__What you need to do__: Your answer must be the lines of the material below, exactly as written, from its first line through the line with "Chemical and consumer goods company Henkel", and no pictures.

__Material provided__:

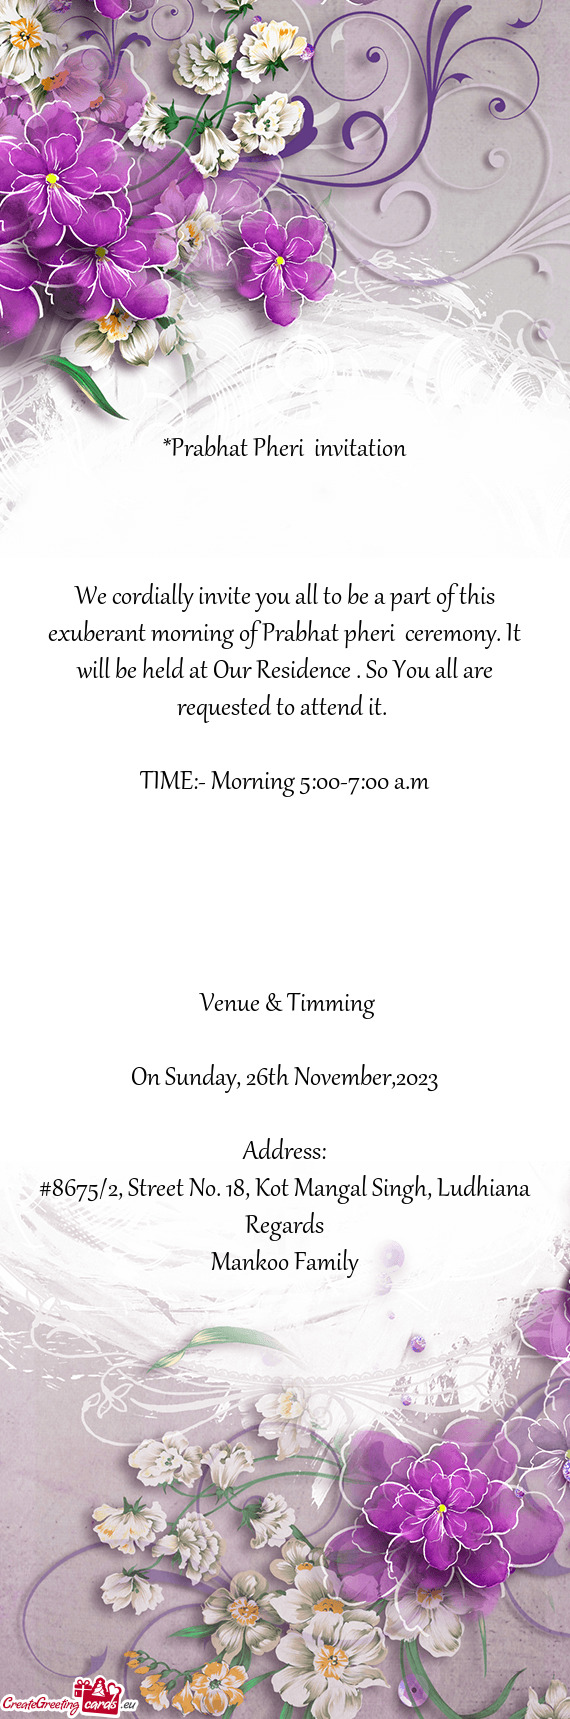 We cordially invite you all to be a part of this exuberant morning of Prabhat pheri ceremony. It wi
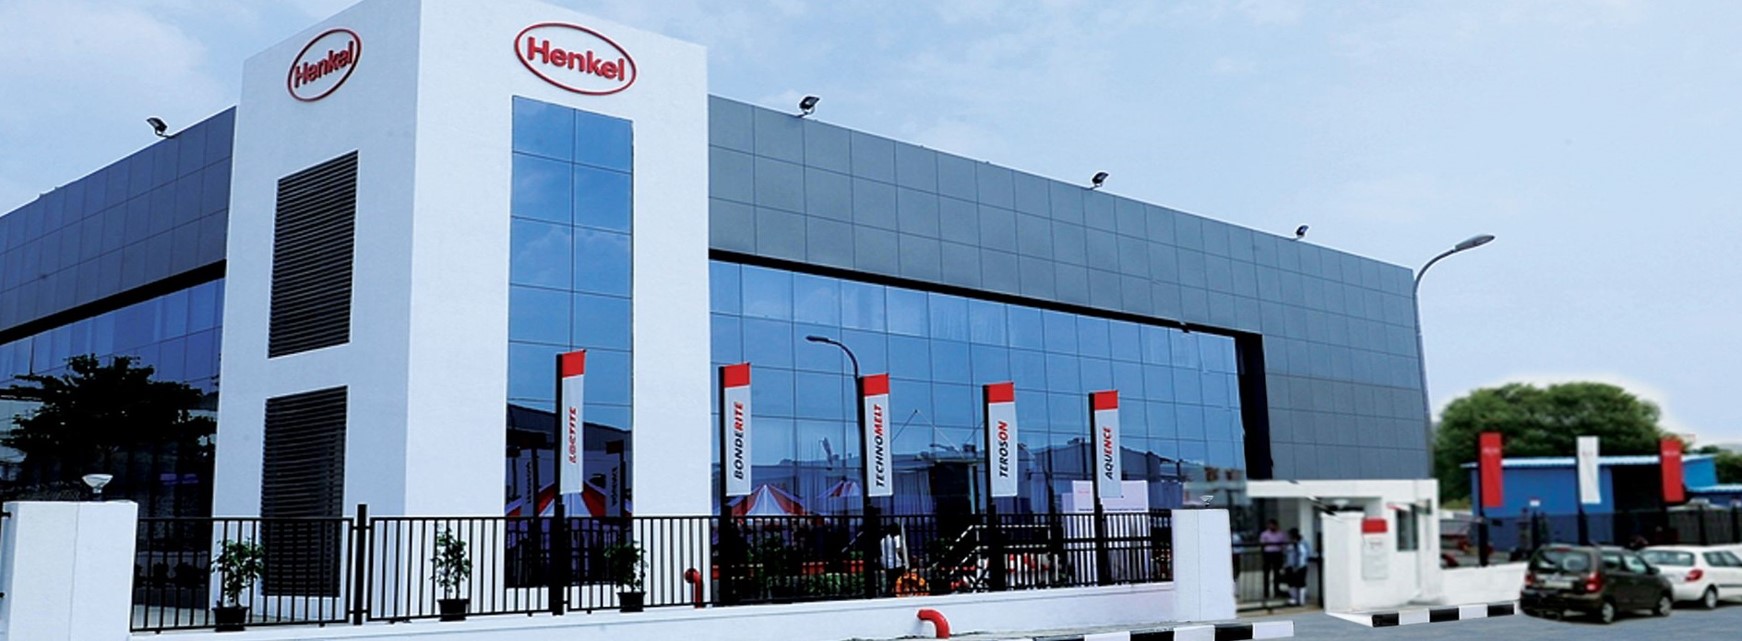 Chemical and consumer goods company Henkel
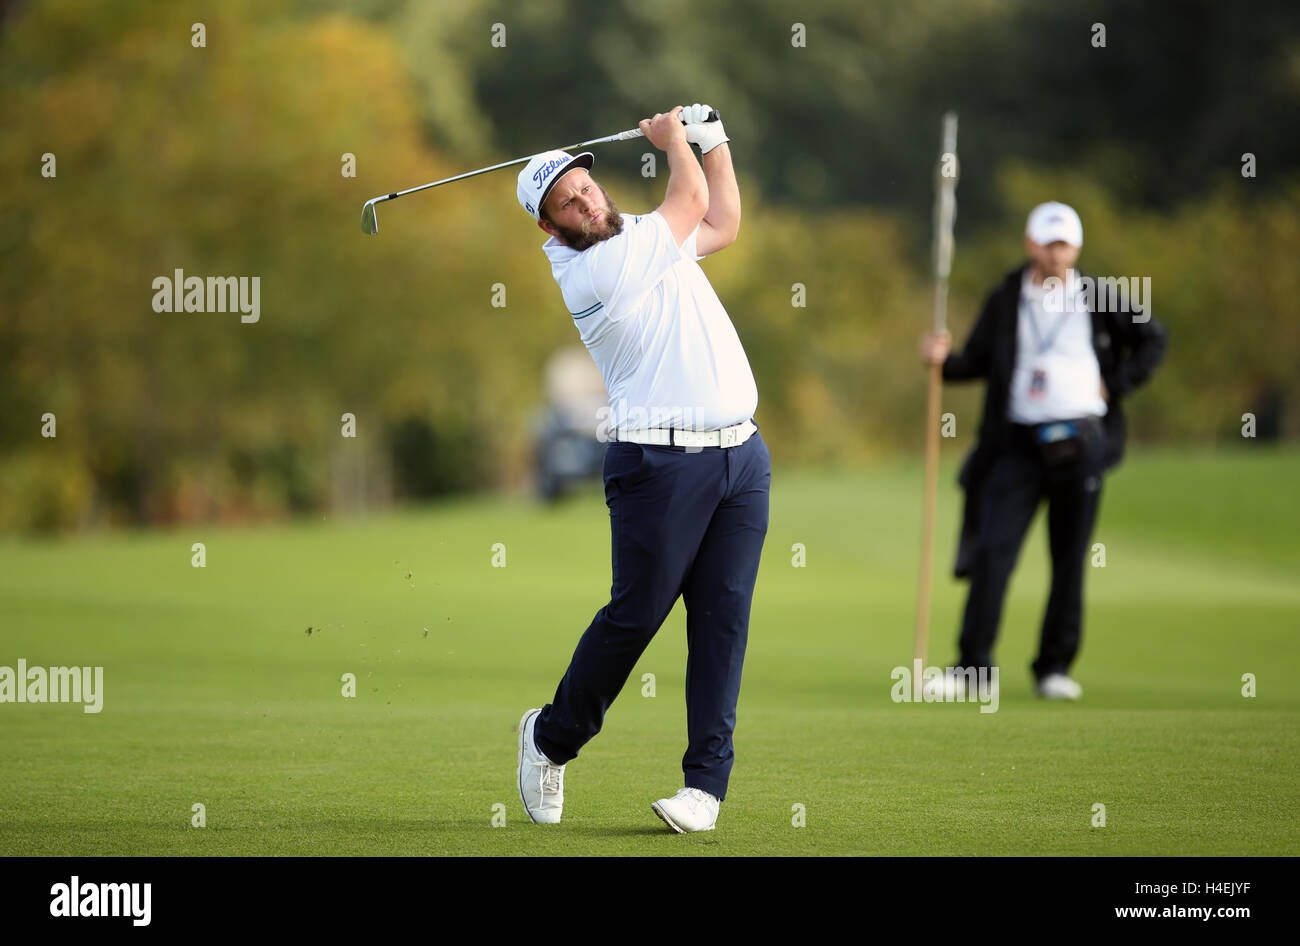 England's Andrew Johnston plays a shot on the 8th hole during day three of The British Masters at The Grove, Chandler's Cross. Stock Photo
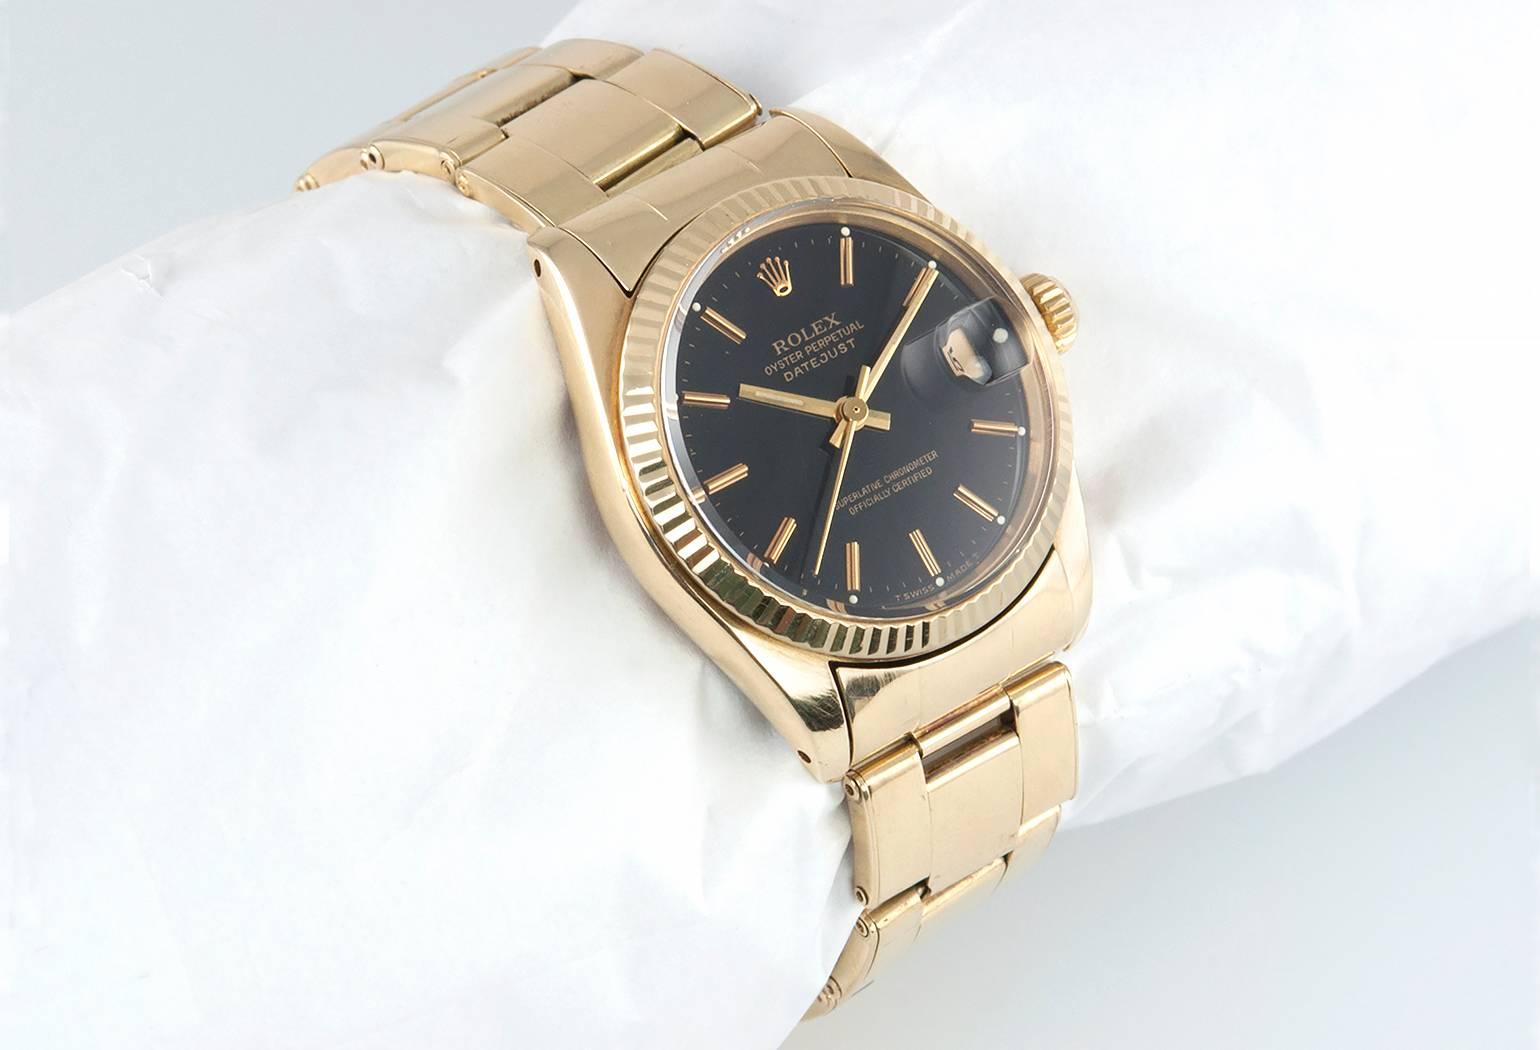 Rolex Midsize Yellow Gold Black Dial DateJust Wristwatch Ref 6827 In Excellent Condition For Sale In Los Angeles, CA

__Response to the task__:
 We cordially invite you all to be a part of this exuberant morning of Prabhat pheri ceremony. It wi
 Chemical and consumer goods company Henkel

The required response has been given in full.